Technology related to electronic equipment that uses a piezoelectric power generation element as a power source.

Regarding a method of generating power using a piezoelectric element, in the prior art, for example, as in Patent Document 1, a method is generally used in which an external force is applied to a piezoelectric power generating element to physically deform it to obtain an electromotive force. 1 and 2, the power generation plate is repelled by the pick means provided on the pendulum, and the power generation plate is deformed by the repulsion / attraction force of the permanent magnet provided on the pendulum and the power generation plate in FIGS. No. 13 introduces a method of obtaining an electromotive force by swinging a pendulum by an external force generator such as a spring or a motor and deforming a power generation plate.

However, in any case, in order to continuously generate power, it is necessary to continue support of external force for continuously swinging the pendulum, and power generation stops when the support is interrupted. As described above, in the prior art, in order to obtain continuous electric power energy from the piezoelectric power generation element, it is necessary to support external energy continuously.

Japanese Patent Laying-Open No. 2015-6087 Power generation system

Not applicable

The present invention has been devised in view of this problem. In other words, a power generation device capable of continuous power generation operation without the need for external force is realized, and by using this power, a power source such as a dry cell or a button battery is not required, and a semi-permanent continuous operation is possible. The purpose is to construct various possible electronic devices.
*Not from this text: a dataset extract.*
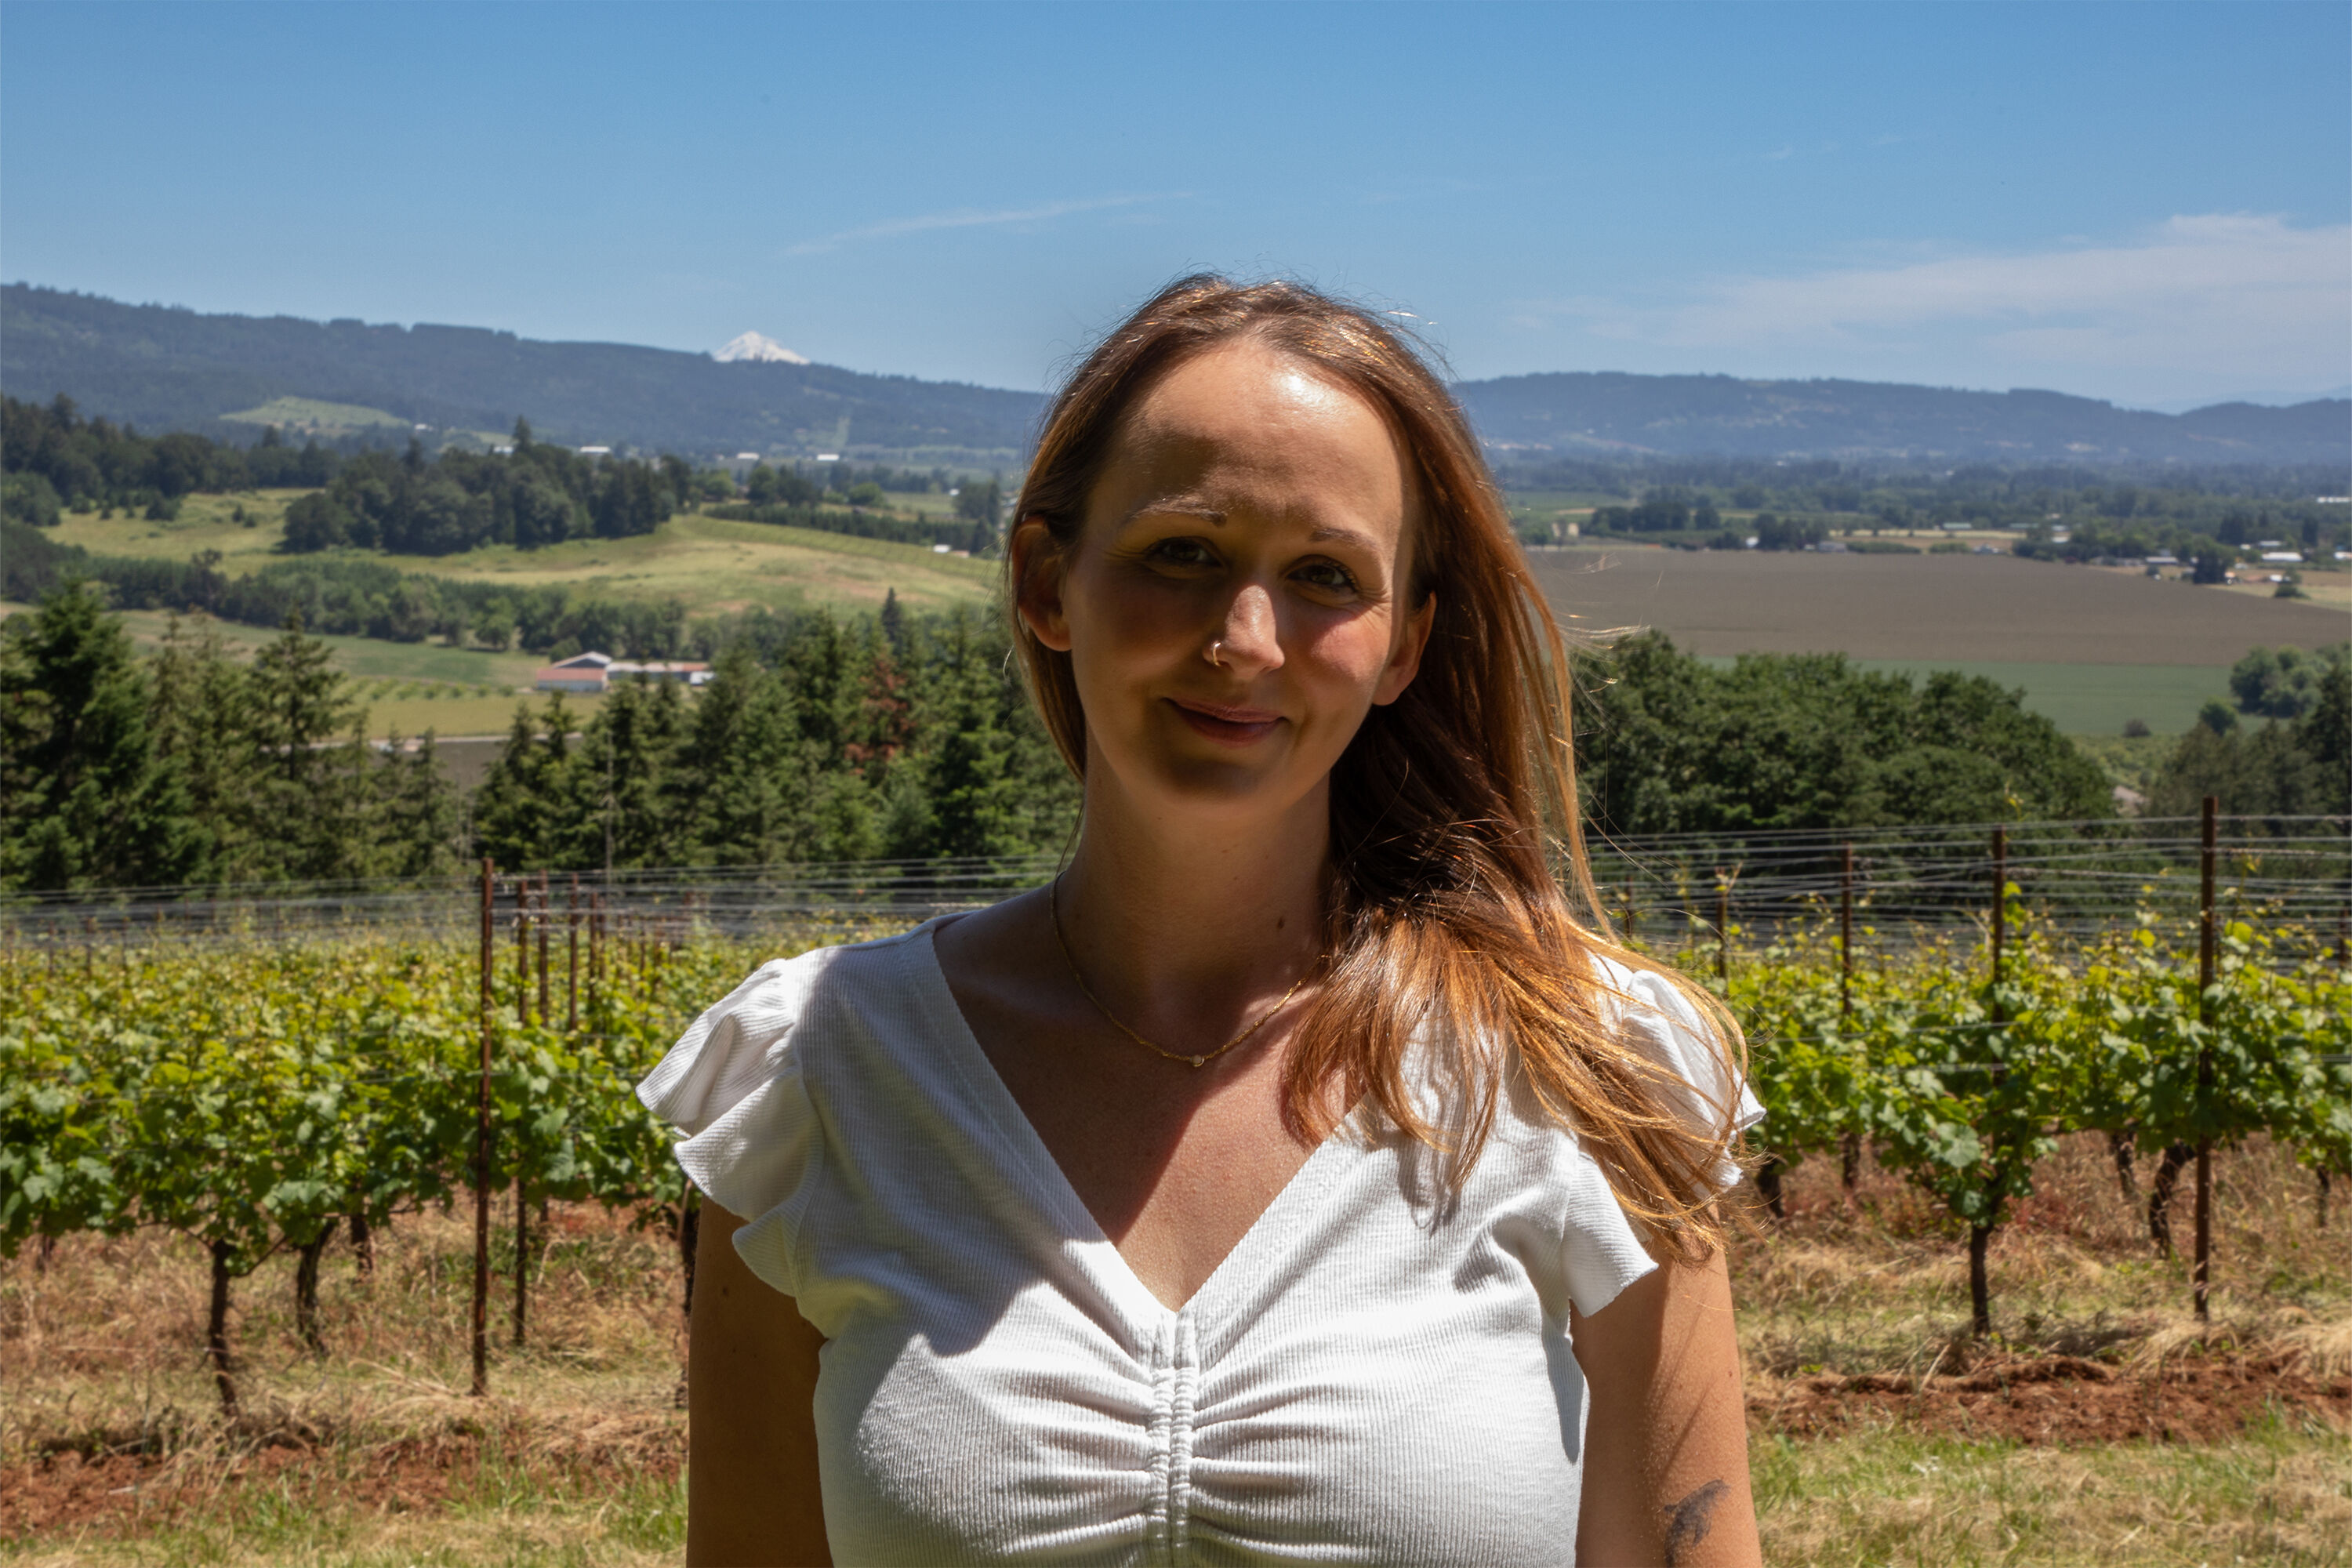 Jessica Burkhart in front of Penner-Ash estate vineyard

A film attached with a cam attached to the rotating shaft of the first step motor that starts driving by energizing the field coil through the control means from the power storage means such as a fully charged electric double layer capacitor. An intermittent force is applied to the piezoelectric power generating element, an electromotive force is obtained, and the power storage means is charged after rectification and smoothing. By repeating this cycle, the power generation operation is continued semipermanently. On the other side of the first step motor, there is a second step motor that drives a smaller rotor that shares a stator and serves as a power source for a mechanical timepiece that continues to operate semipermanently.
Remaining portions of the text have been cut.